### [Task requirements]
In the records below, the lines between the one holding "A superb vintage" and the one holding "The quality is", inclusive, are to be transcribed exactly; no pictures are to be included.

### [Supplied information]
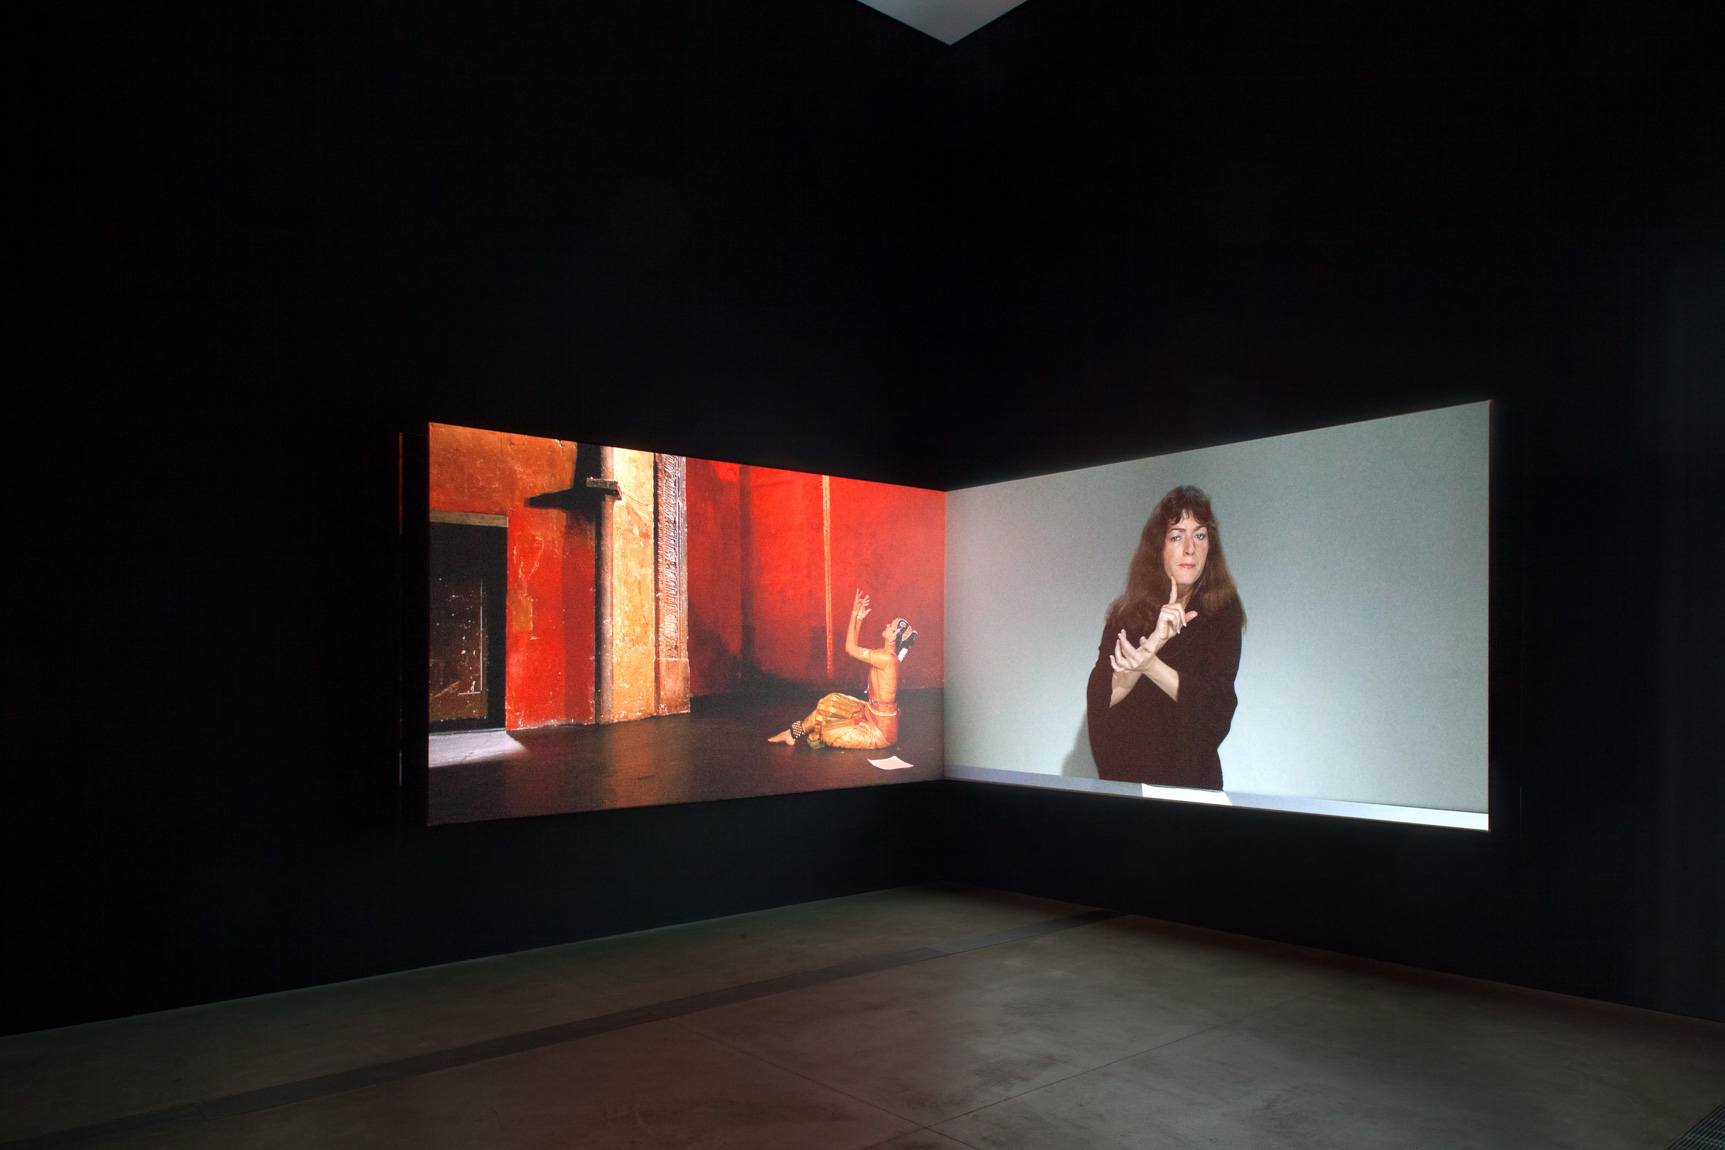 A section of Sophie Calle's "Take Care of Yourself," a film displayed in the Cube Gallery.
* * *
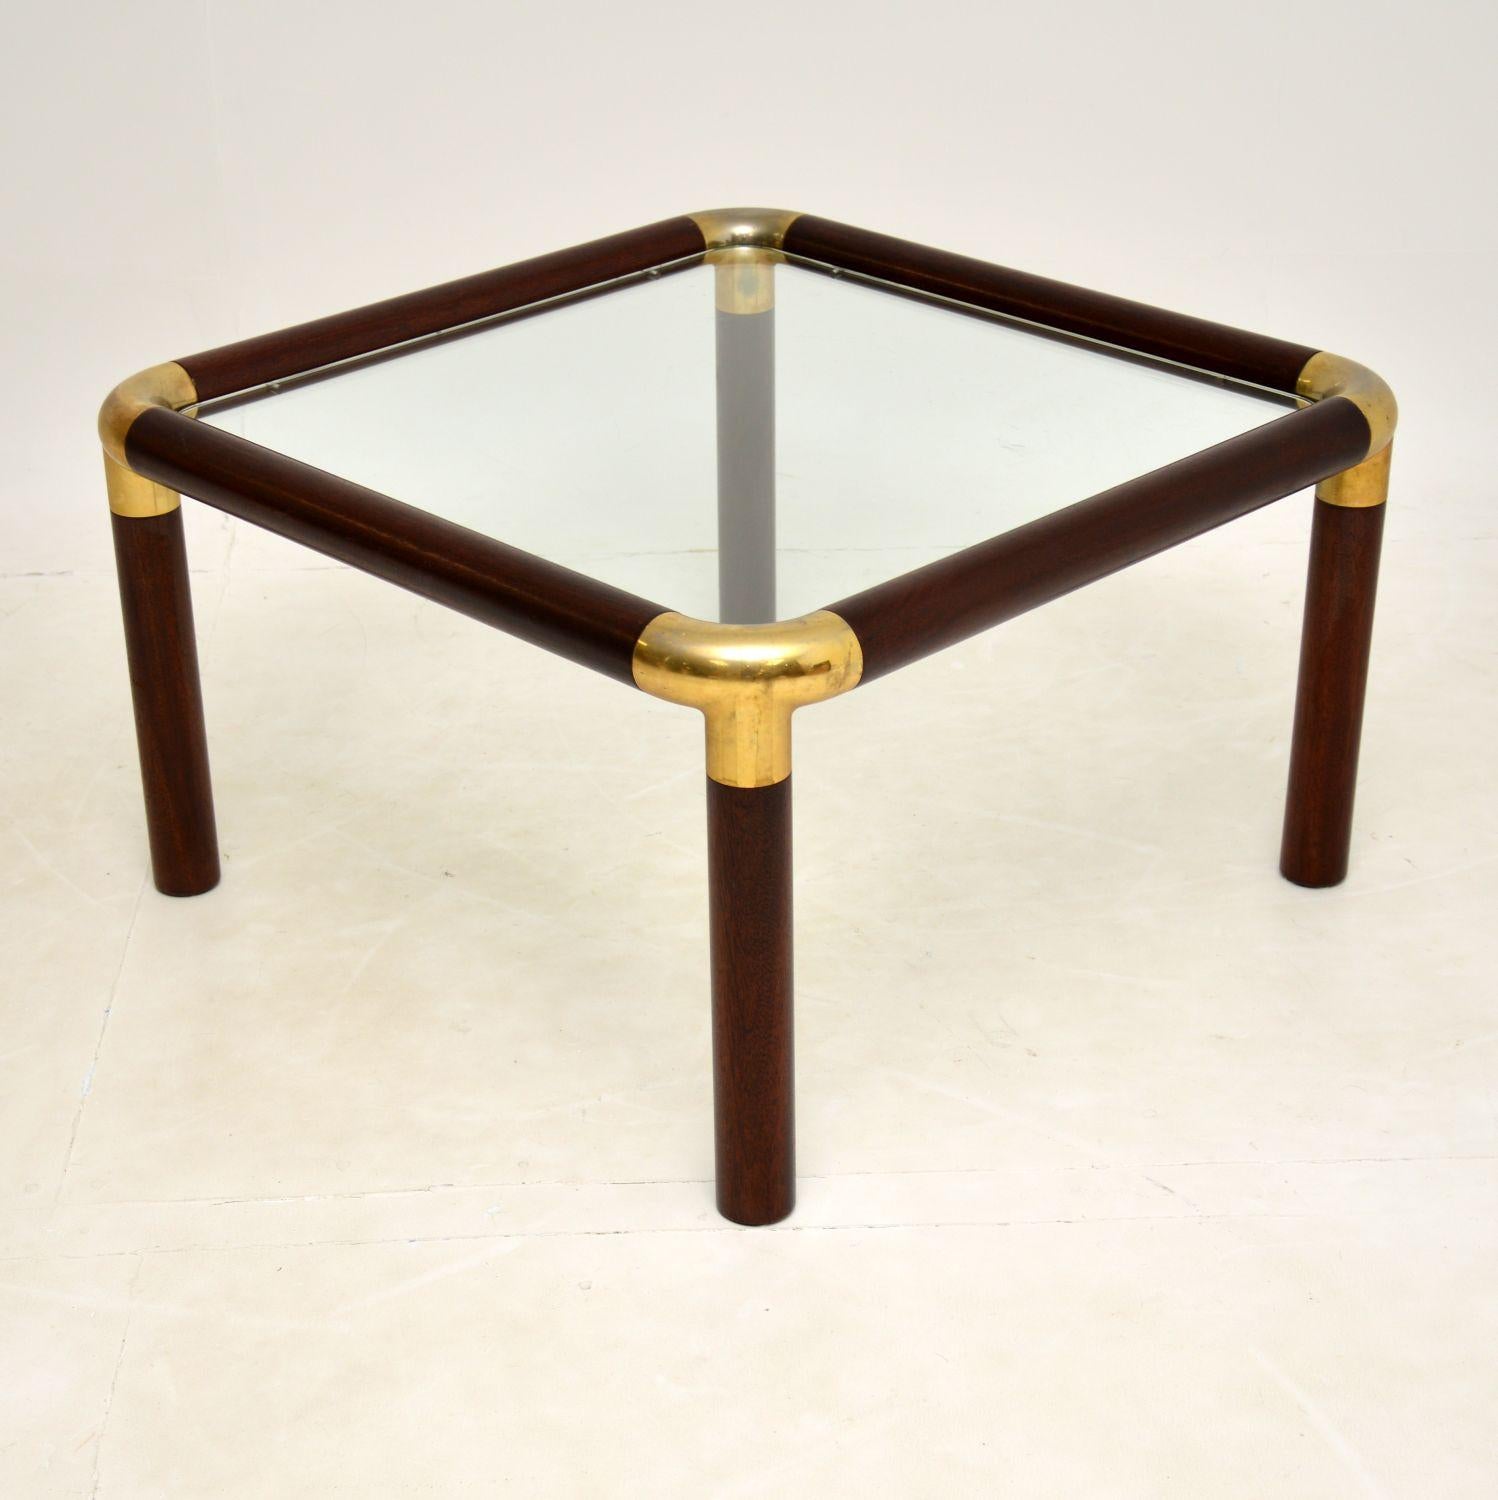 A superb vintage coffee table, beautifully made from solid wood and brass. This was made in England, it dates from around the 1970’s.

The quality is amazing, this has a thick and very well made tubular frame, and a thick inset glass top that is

### [Response box]
 A superb vintage coffee table, beautifully made from solid wood and brass. This was made in England, it dates from around the 1970’s.

The quality is amazing, this has a thick and very well made tubular frame, and a thick inset glass top that is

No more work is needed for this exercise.